DE3925280A1 - LIQUID-FLOWED COOLING ELEMENT FOR SHAFT OVENS - Google Patents

Description

The invention relates to a fluid flow Cooling element for shaft furnace walls, in particular Blast furnace walls consisting of a plate body Cast iron or other metal with in his Inside arranged, parallel to the hot side running and emerging on the cold side, Coolant pipes, equipped on the Hot side with predominantly horizontal ones Masonry brackets.

Such cooling elements are usually between the steel furnace jacket and the furnace lining arranged and to the cooling system of the shaft furnace connected. On the inside facing the oven Side are the cooling elements with fireproof material Mistake.

The duration of a furnace trip depends on a shaft furnace largely from the life of the refractory Lining off. In addition to extending the lifespan the choice of stable refractory qualities their good ones Cooling at.
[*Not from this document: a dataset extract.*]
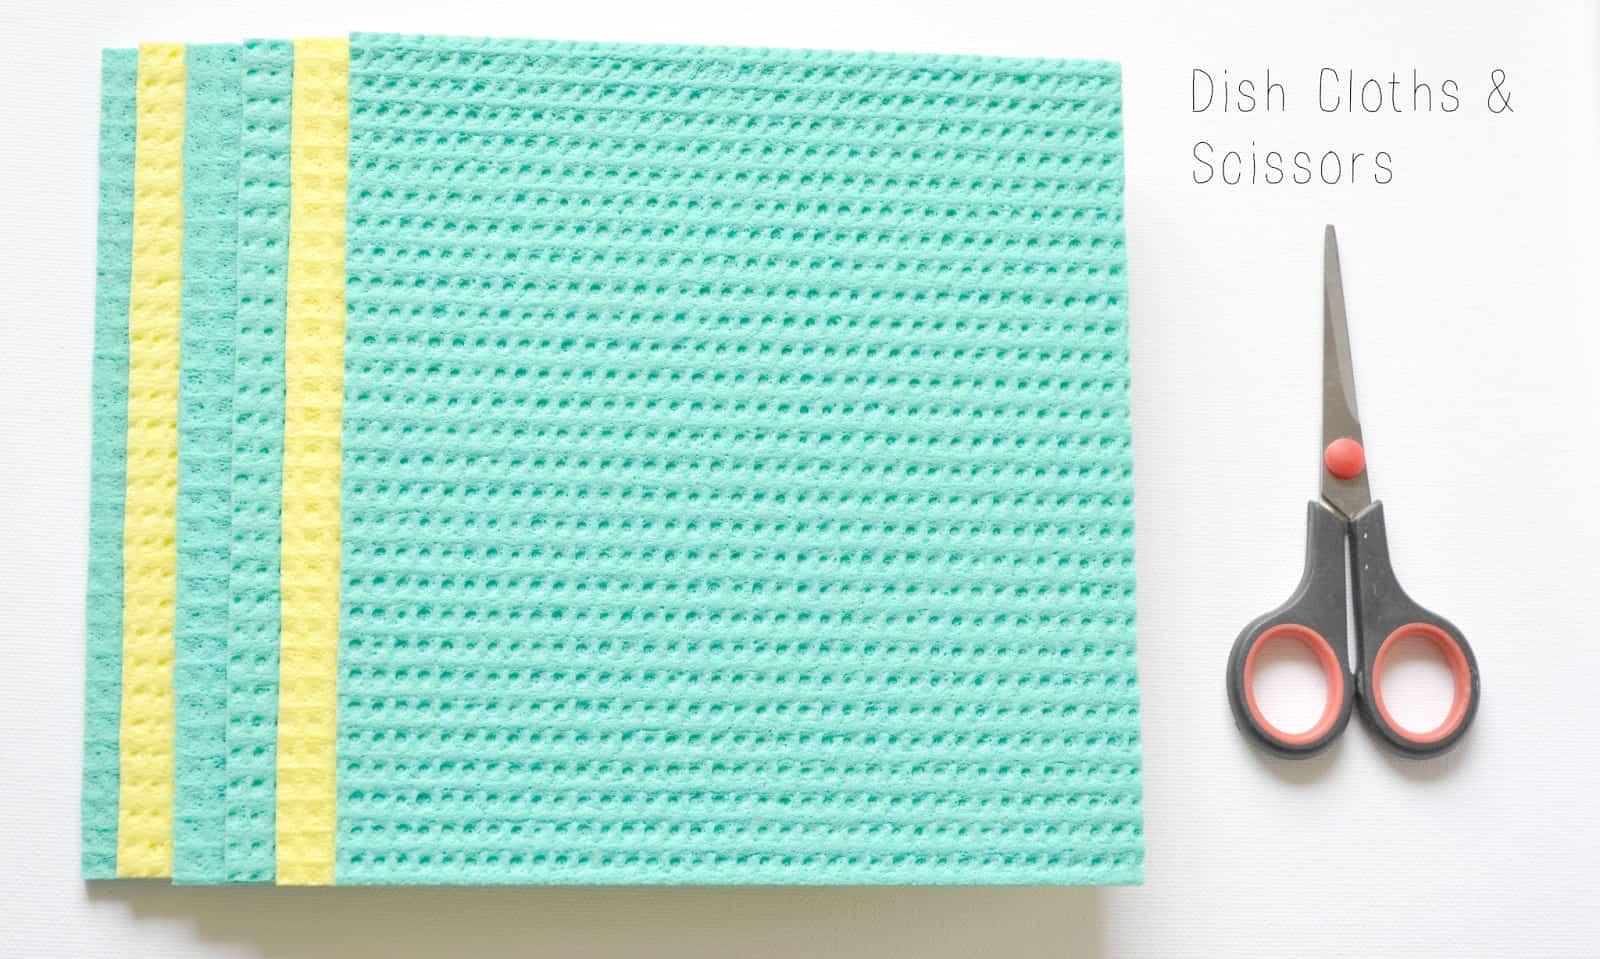 DIY jewelry box using shoebox and dish cloths

The cooling method by means of liquid flow Cooling elements have proven particularly useful. In contrast to other methods, it creates an all-over uniform cooling of the shaft furnace wall and therefore also the furnace lining.
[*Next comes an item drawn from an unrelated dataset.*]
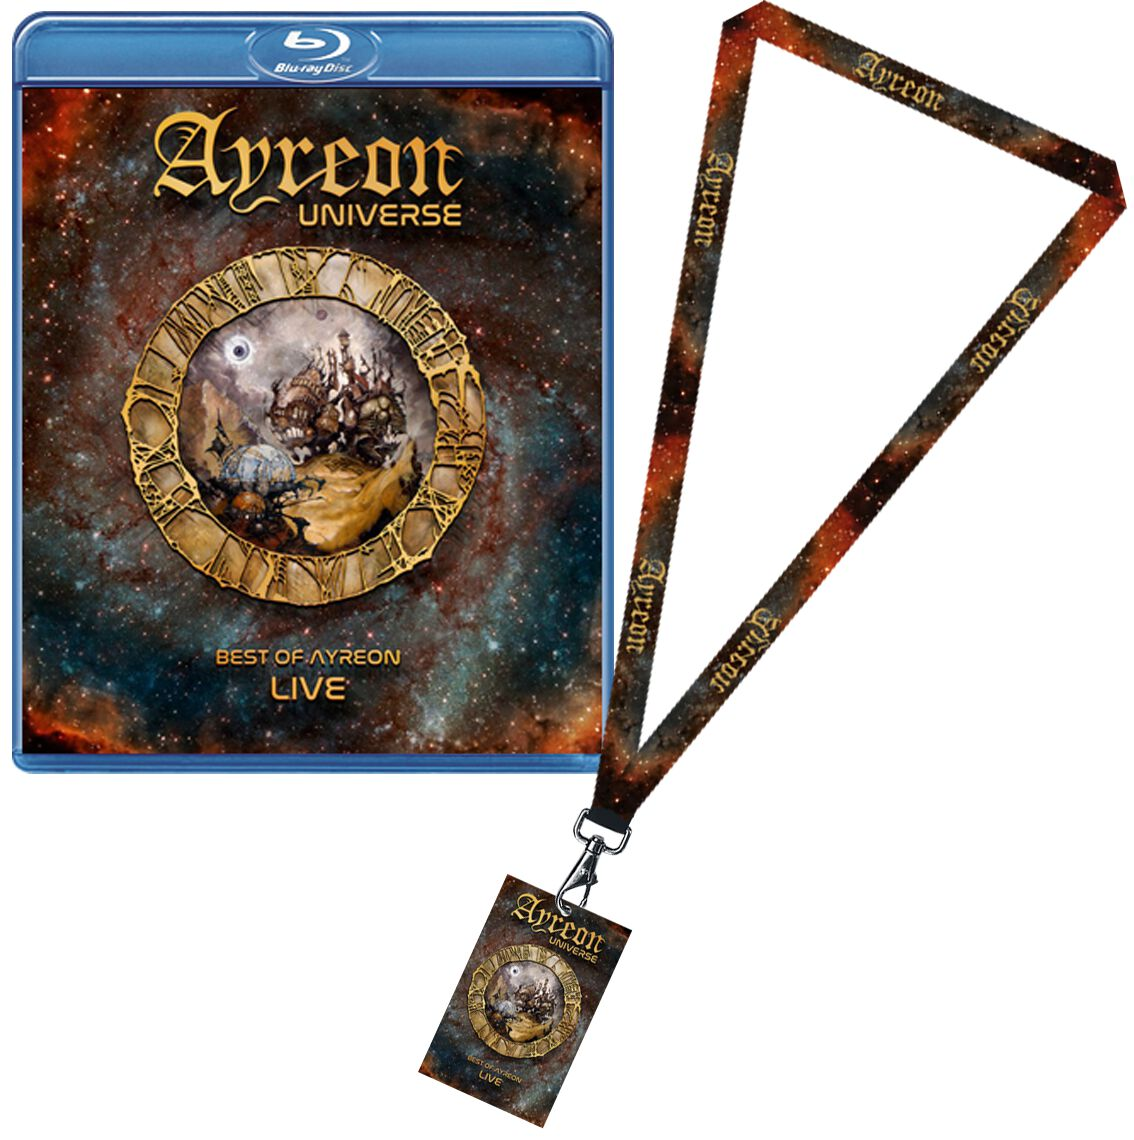 Ayreon Ayreon universe - Best of Ayreon live Bl...

So far, an oven delivery or -New delivery carried out in such a way that the Cooling elements, i.e. the metal plate body,  first on the inside surface of the steel furnace shell assembled and later the refractory lining from below was bricked upwards. For heat transfer between refractory lining and plate bodies the resulting annular gap carefully with mortar groomed.

For the wear of the refractory lining are mainly chemical, mechanical and thermal Stresses decisive. As it progresses Wear on the lining takes away the thermal Load the plate body too. With a complete Loss of the refractory lining also reach that chemical and mechanical stresses of the Finally, plate bodies have maximum values.

The invention is based, through Intensification of cooling to extend the kiln trip and when a shaft furnace is delivered or reloaded shorten the assembly time for the cooling elements.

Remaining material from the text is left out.